Posted on February 15, 2009 by Dissent

Lance Williams reports:

On Berkeley’s Holy Hill, a seminarian at the Pacific School of Religion inquires about steroids to control her weight. Despite stomach bypass surgery, she’s up to 310 pounds, she says.

The Chronicle has withheld customers’ names out of privacy concerns.

In Orlando, a 38-year-old contractor suffers from erectile dysfunction, a side effect of the drug he takes for depression. The anti-ED prescription his doctor gave him doesn’t help. He seeks steroids instead.

And in a town north of Seattle, an eighth-grade boy wants steroids for school sports.
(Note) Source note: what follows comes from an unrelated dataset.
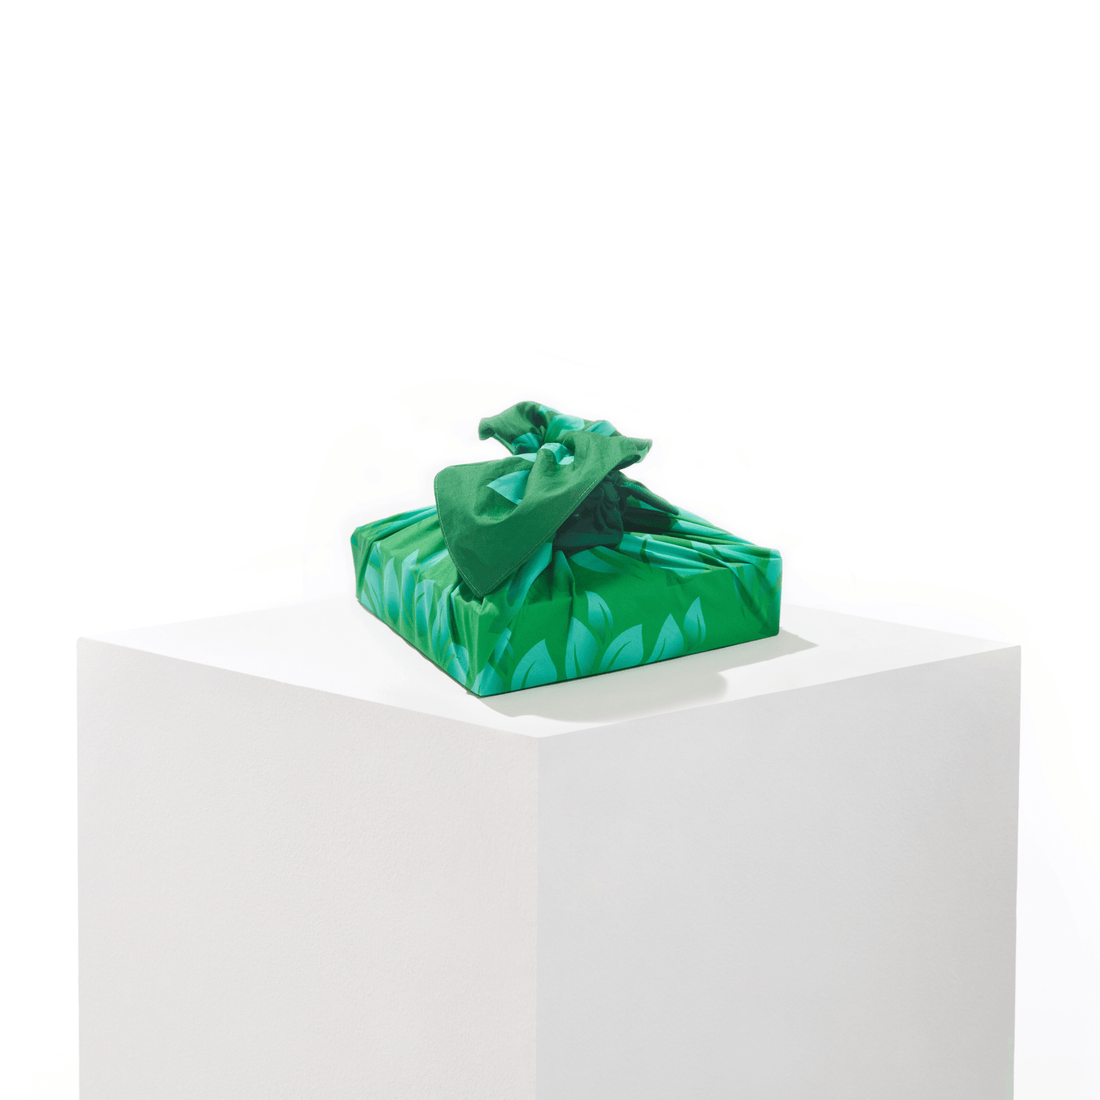 Prosper | 28" Furoshiki Gift Wrap by Rawbie Thring - Wrappr

If he can get his weight up to 170, he thinks he can make the football team.

Here, from the business records of a Florida wellness center that was closed after a 2007 law enforcement raid, are the faces of the nation’s infatuation with performance-enhancing drugs – people who sought to buy steroids, human growth hormone and other powerful prescription drugs over the Internet to address deeply felt problems and concerns.

[…]

For an inquiry into the who and why of the nation’s demand for steroids, The Chronicle reviewed six years of transactions and 66,000 customer records from the Palm Beach Rejuvenation Center, focusing especially on a sample of about 2,200 people whose contact with the clinic included detailed information about why they sought the drugs.

Read more in San Francisco Chronicle

That’s nice of them, but I wonder how many people whose files they have obtained believed that their data and details were covered by confidentiality and privacy protections.